We also use these feedback terms to gate applying torque at the ankles to stabilize the robot. This has to be done whether or not it's walking.
Parameters
You may have wondered why some numbers are written like the 4.10~10
above. The ~
syntax in throbol marks an adjustable parameter, here with a range of [-10 .. 10]. There's no theoretical reason for this feedback coefficient to be 4.1, it's just a number that seems to work. 4.0 would work about the same. 3.0 would probably work, but the robot would be a bit more wobbly. 1.0 may not be enough to keep is upright. 10.0 might cause violent feedback oscillation in the ankles. In robotics, most numbers are like this, so the language is designed to make it easy to adjust them. In the throbol editor, you can hover over a number market with ~range
and shift-drag the mouse to change it and see the simulation results change interactively. It also works on live hardware within the limits of causality. Meaning: in simulation mode it reruns the whole simulation from the beginning when you change a parameter, but in live hardware mode it only changes it for the rest of the run.

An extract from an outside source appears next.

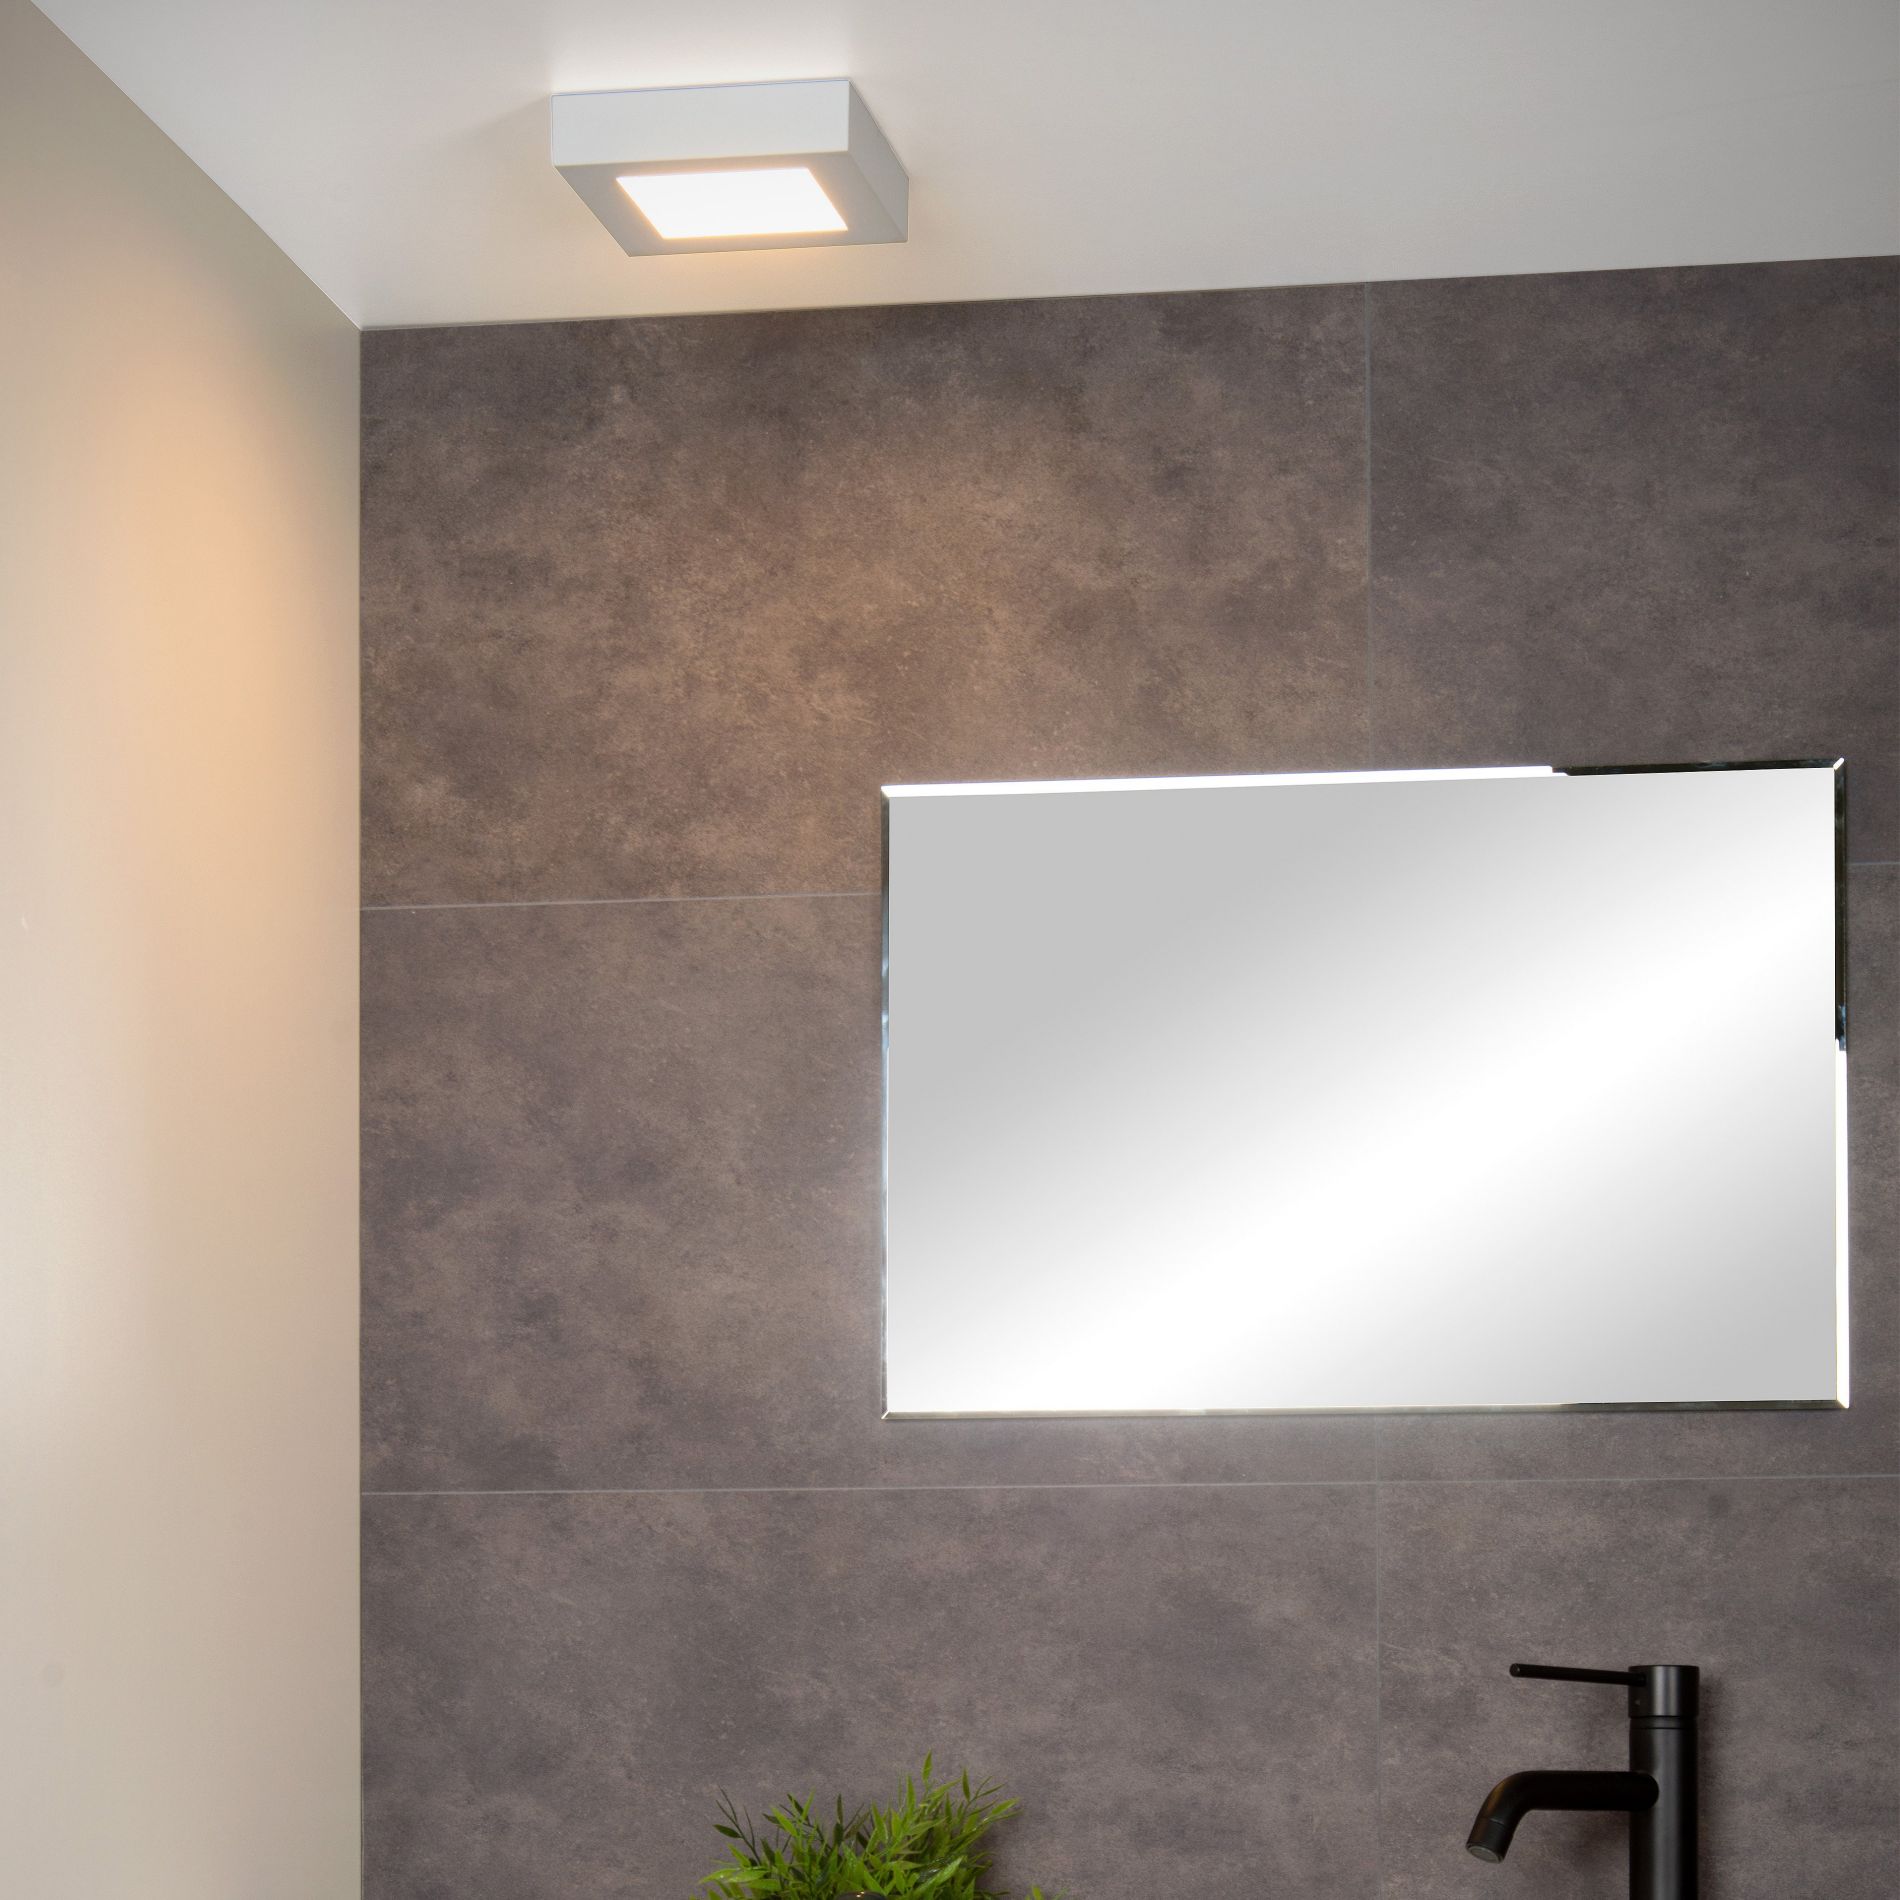 Plafonnier salle de bain LED carré BRICE (H18cm) en aluminium blanc

There are also some numerical optimization tools to automatically tune parameters based on a fitness function. See the article Optimization in Throbol for more about this.
Multiple Timelines
One of the key tools in working with feedback loops is comparing the results with slightly different initial conditions or perturbations. You want the robot to follow the trajectory despite some noise in the actuators, irregular ground, wind, etc. So it's useful to look at the variation across a range of disturbances. There are several tools for analyzing this, but the most intuitive is a rendering that superimposes 10 instances of the robot from different timelines:
Experimentation
The best way to build intuition for robot walking is to experiment. Change parameters and see how things get worse or better. If you have a wasm+webgpu capable browser, you can try it directly in the browser or download the desktop version and run it. It has humanoid_walking.tb
as one of the example projects.
Here's my wish list for how the walking should be better:
- It swings its arms side-to-side too much, which looks dorky.
- There's some oscillation in the joint feedback loops. You can see it in the bot.ankle-y-right graph above.
- It takes small steps. It should walk faster.
- The walking speed feedback is weak.
- The direction control code is primitive. It should be able to follow a heading.